▸ Dataset excerpt
:::
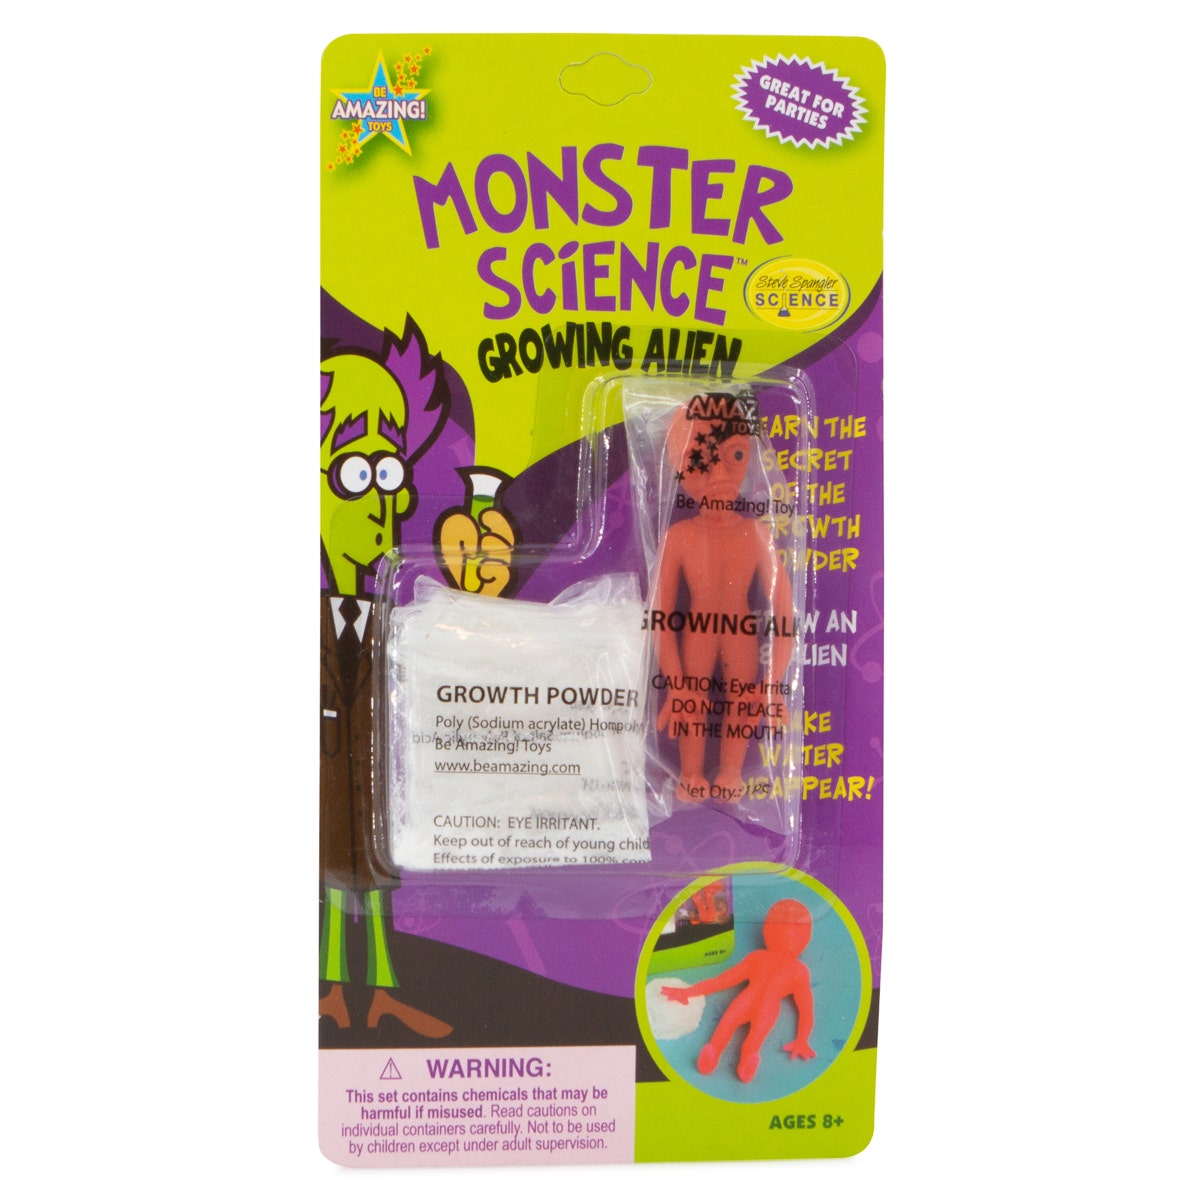 Monster Science Growing Toys – Expandable To Grow In Water!
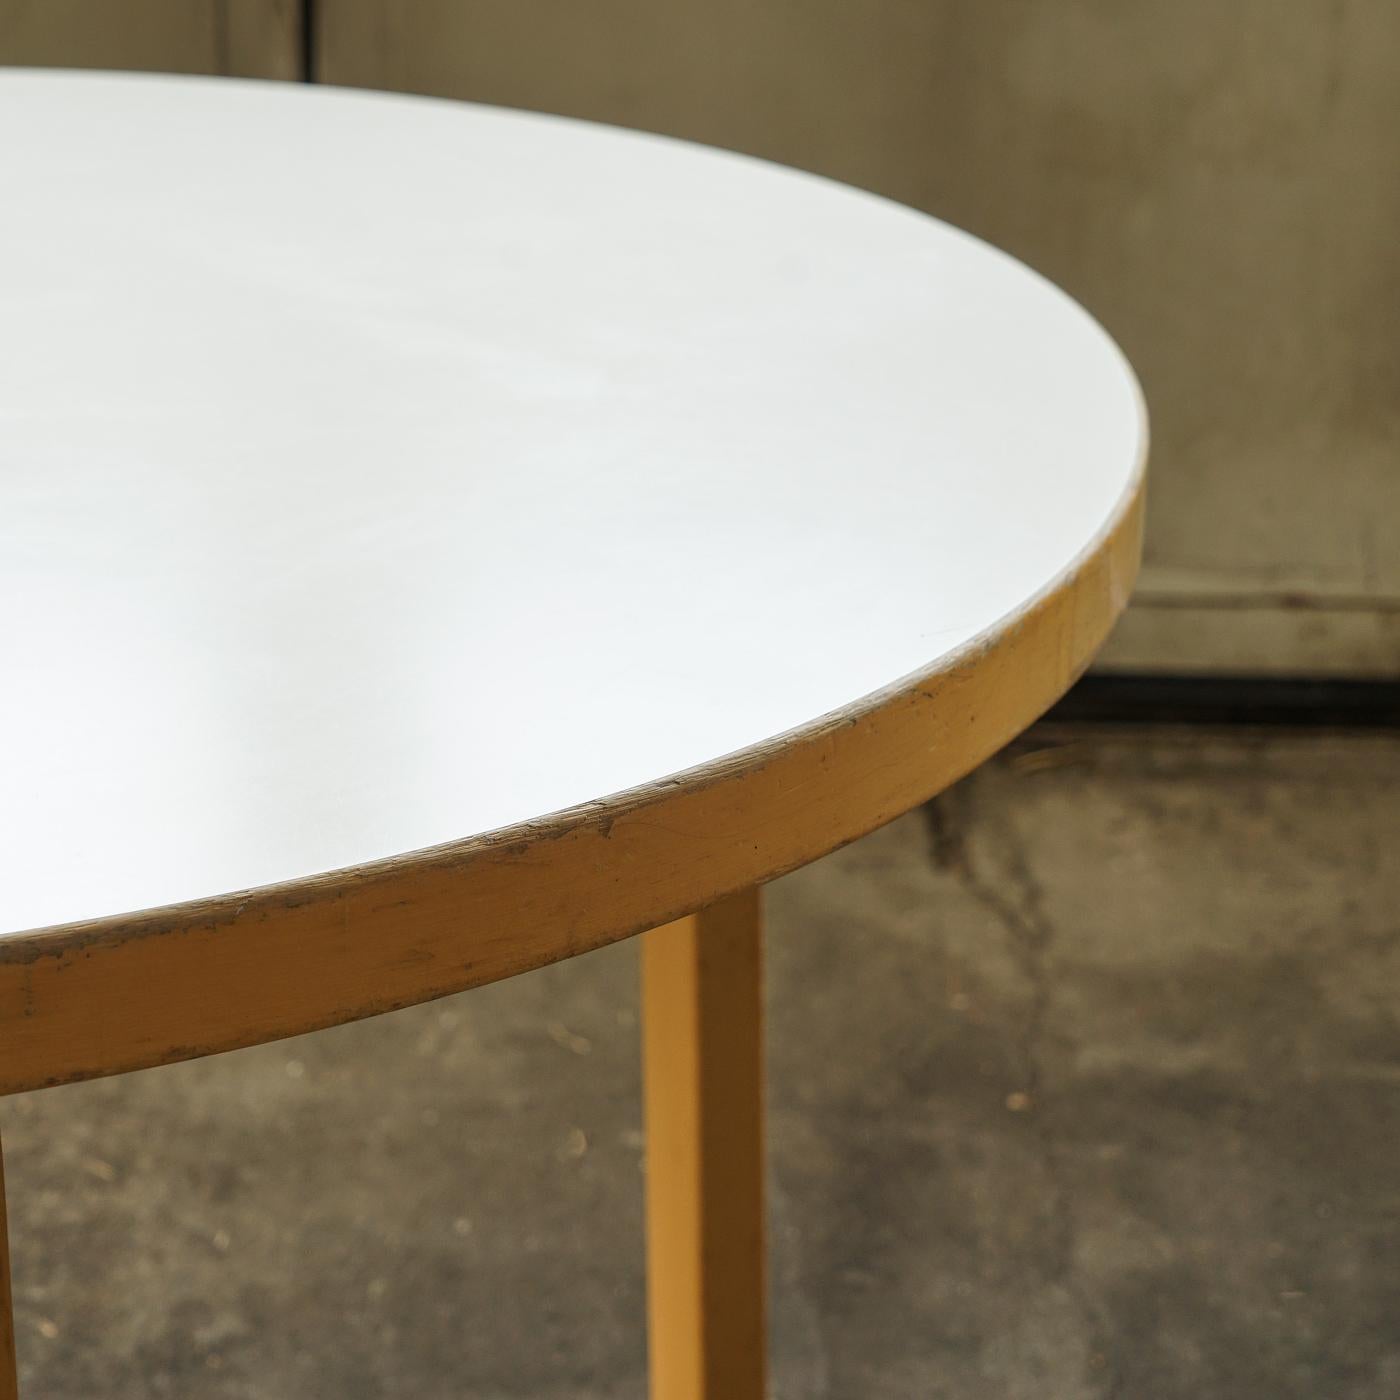 This original table, model 91 was designed by Alvar Aalto in 1935 for Artek, Finland. It is one piece of the famous L-leg-collection and is made of finish birchwood. The legs are bended in a special developed technique. The 4cm tabletop is veneered
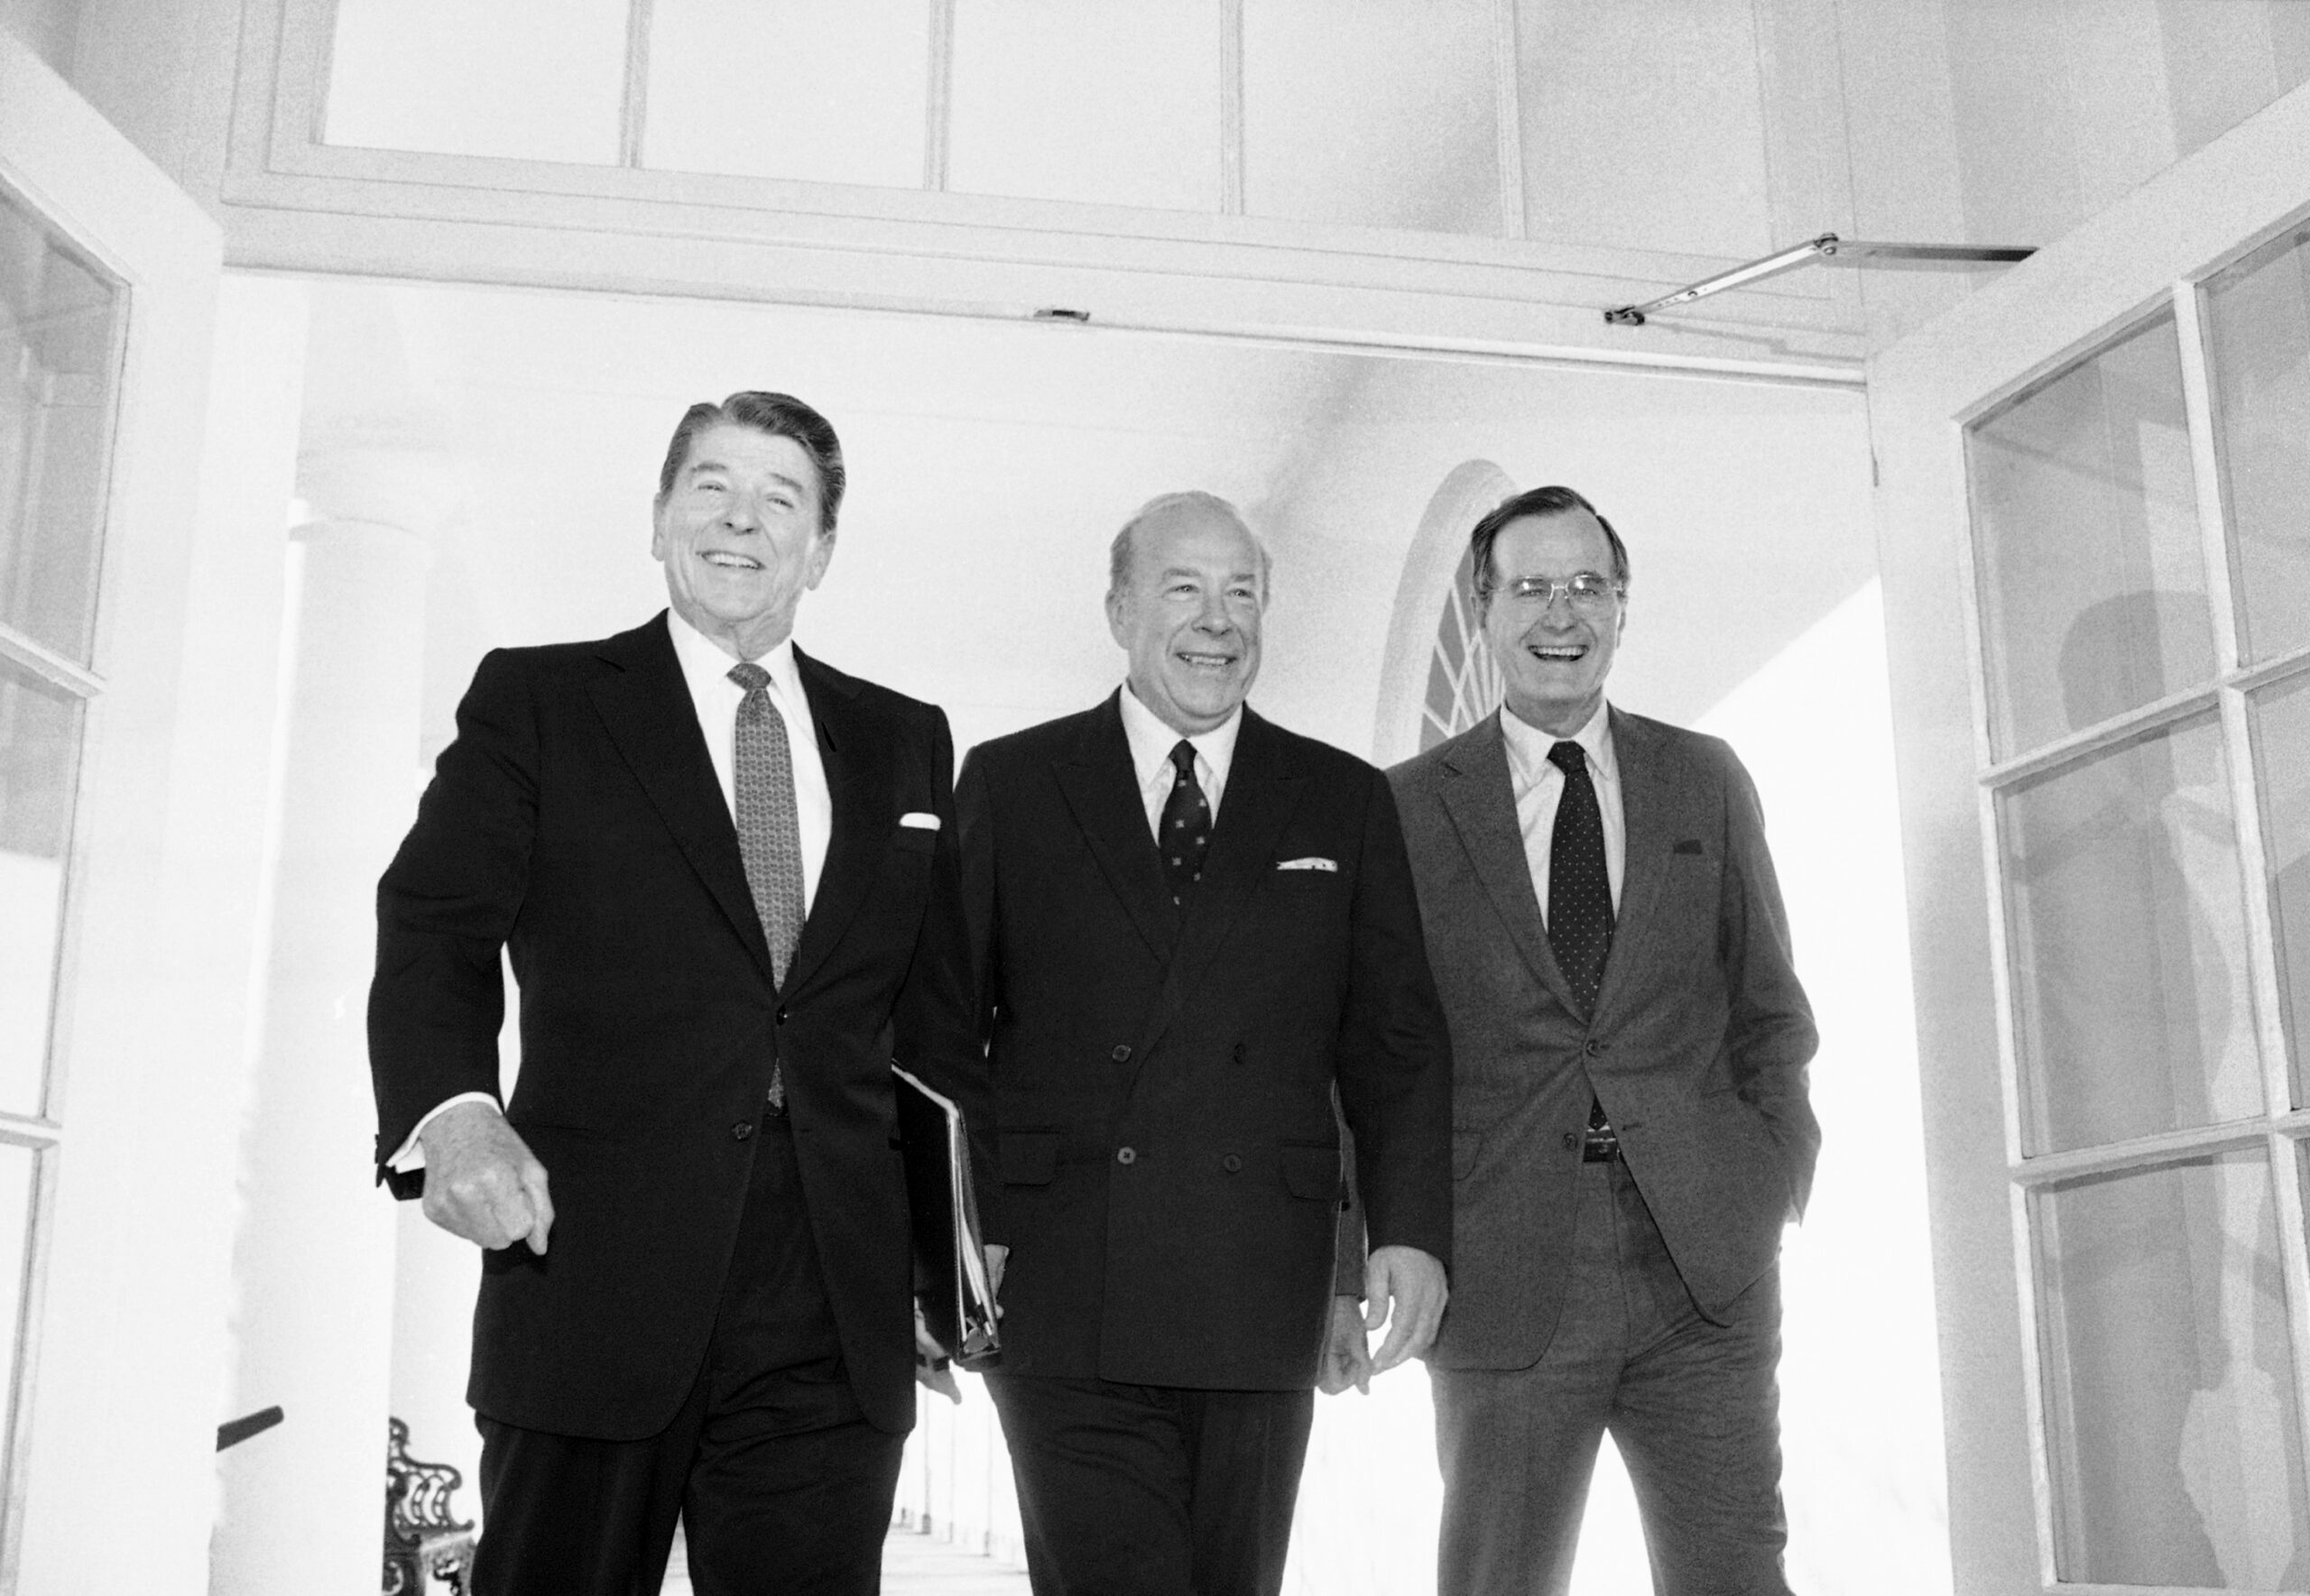 FILE - In this Jan. 9, 1985 file photo, Secretary of State George Shultz, center, walks with President Ronald Reagan and Vice President George Bush upon his arrival at the White House in Washington, after two days of arms talks with the Soviet Union in Geneva. Shultz, former President Reagan's longtime secretary of state, who spent most of the 1980s trying to improve relations with the Soviet Union and forging a course for peace in the Middle East, died Saturday, Feb. 6, 2021. He was 100. (AP Photo/Barry Thumma, File)
:::
▸ Exercise
The lines from the top of the data above through the one holding "This original table, model" are to be repeated exactly, and only those, with no pictures.

▸ Answer for the task
 Monster Science Growing Toys – Expandable To Grow In Water!
 This original table, model 91 was designed by Alvar Aalto in 1935 for Artek, Finland. It is one piece of the famous L-leg-collection and is made of finish birchwood. The legs are bended in a special developed technique. The 4cm tabletop is veneered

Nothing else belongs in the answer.